The huge goldfish of Western Australia are anything but adorable: Over the last 15 years, Lieu reports, they've taken to freshwater rivers in ever-greater numbers along with a host of other aquarium fish. In a new study published in the journal Ecology of Freshwater Fish, researchers reveal how the fish have spread throughout Australian waterways, and grown ever larger as they go.
The fish are not just big, the study found, they're incredibly mobile. In just five days, they can travel an average of one mile in the river. One intrepid fish went a whopping 3.35 miles in a mere 24 hours.
Over a year-long period, researchers tracked the movements of goldfish in the lower Vasse River, using acoustic testing and tagging to determine what fish were doing. The goldfish studied didn't just swim around -- they appear to have spawned in what ecologists call a "spawning migration," a pattern in which fish breed in areas far away from their normal hangouts.

That's bad news, Stephen Beatty, a senior research fellow at Murdoch University's Centre for Fish & Fisheries Research who led the study, tells
"The fact that they're so big is really symptomatic of the other impacts in the river," says Beatty. The river, he explains, is warm and stagnant, perfect conditions for pet goldfish who make their way into waterways after being released by their owners.
"The goldfish have really capitalized on that," he says.
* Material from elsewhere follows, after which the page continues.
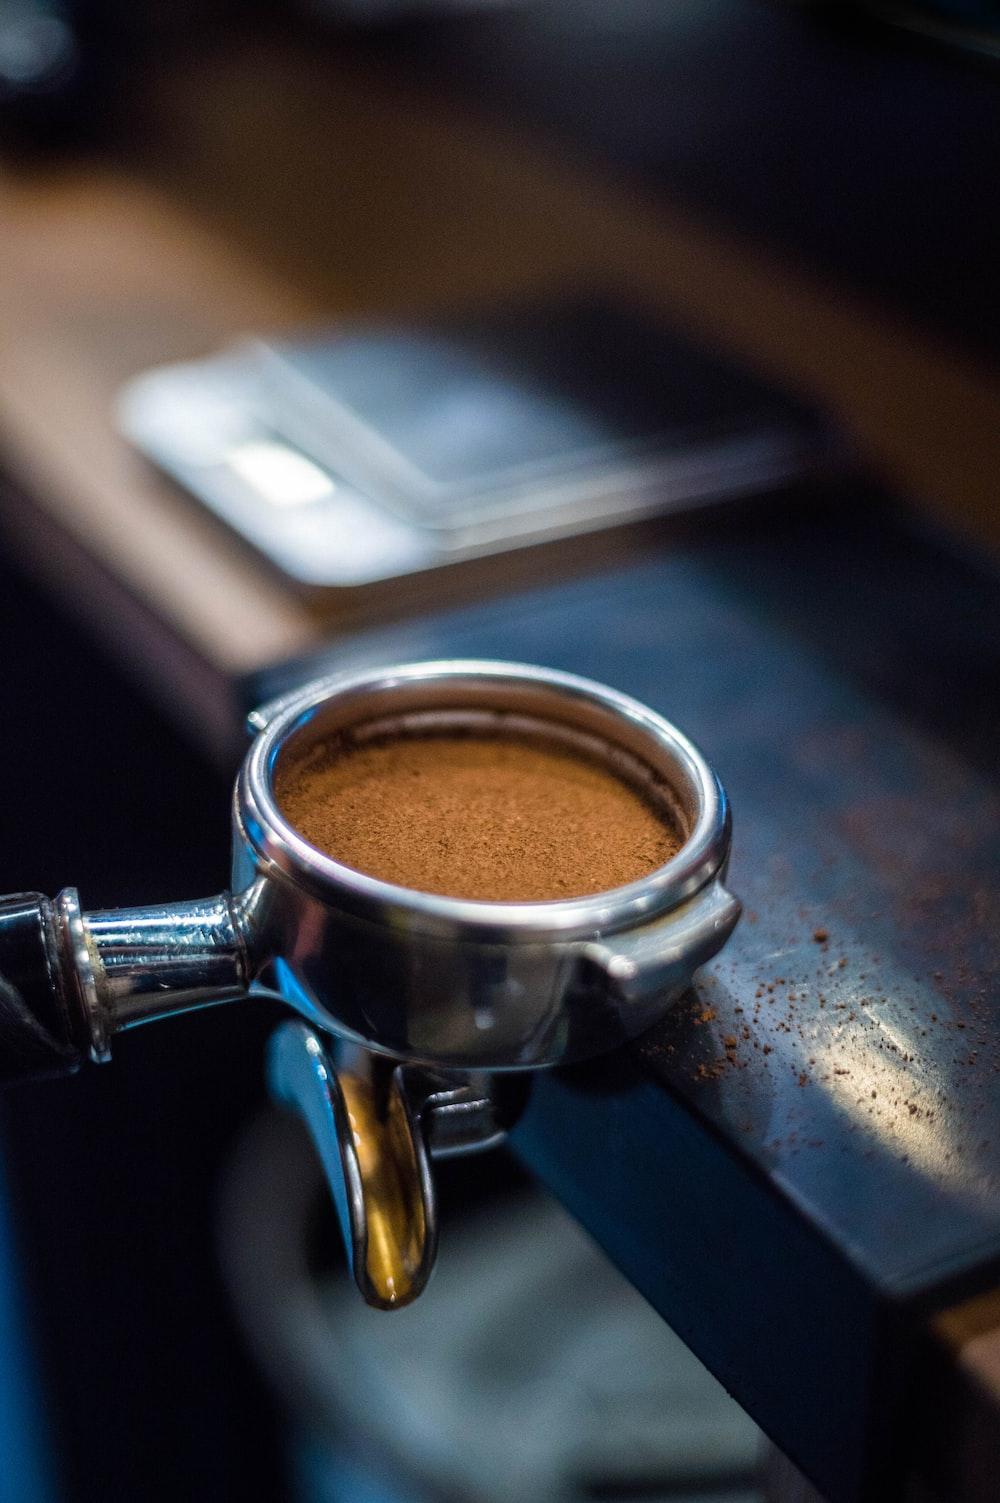 black coffee in silver mug

Not only do the goldfish disturb the habitat and potentially consume invertebrates and fish eggs, his team suspects that they are also disease vectors.
Carassius auratus originated in Asia and are now kept as pets the world over. But when they're released into the wild, the well-behaved fish tank friend becomes a foe to other wildlife. Not only do they grow without the constraints of a tank and commercial fish food, but their feeding frenzy also causes mud and debris to rise from the bottom of the river. That fuels the growth of aquatic plants, which can degrade the river even further.
And while splashing around in the warm, nutrient-rich environment they love, they breed like crazy.
It's become an issue throughout the world: a Boulder, Colorado lake teems with the fish and in Alberta, Canada, the problem has become so bad that officials pleaded with the public not to release them.
For Beatty, all that press is a good thing: "They're a bit of a flagship because they do get that media attention," he concedes. But their star status has a downside - a misconception that if your goldfish is tiny, it won't hurt to drop it in a lake or river.
"Introduced species can have really unpredictable impacts, even cute and fuzzy ones," he says. "Please don't release anything into rivers or wetlands that are not native there."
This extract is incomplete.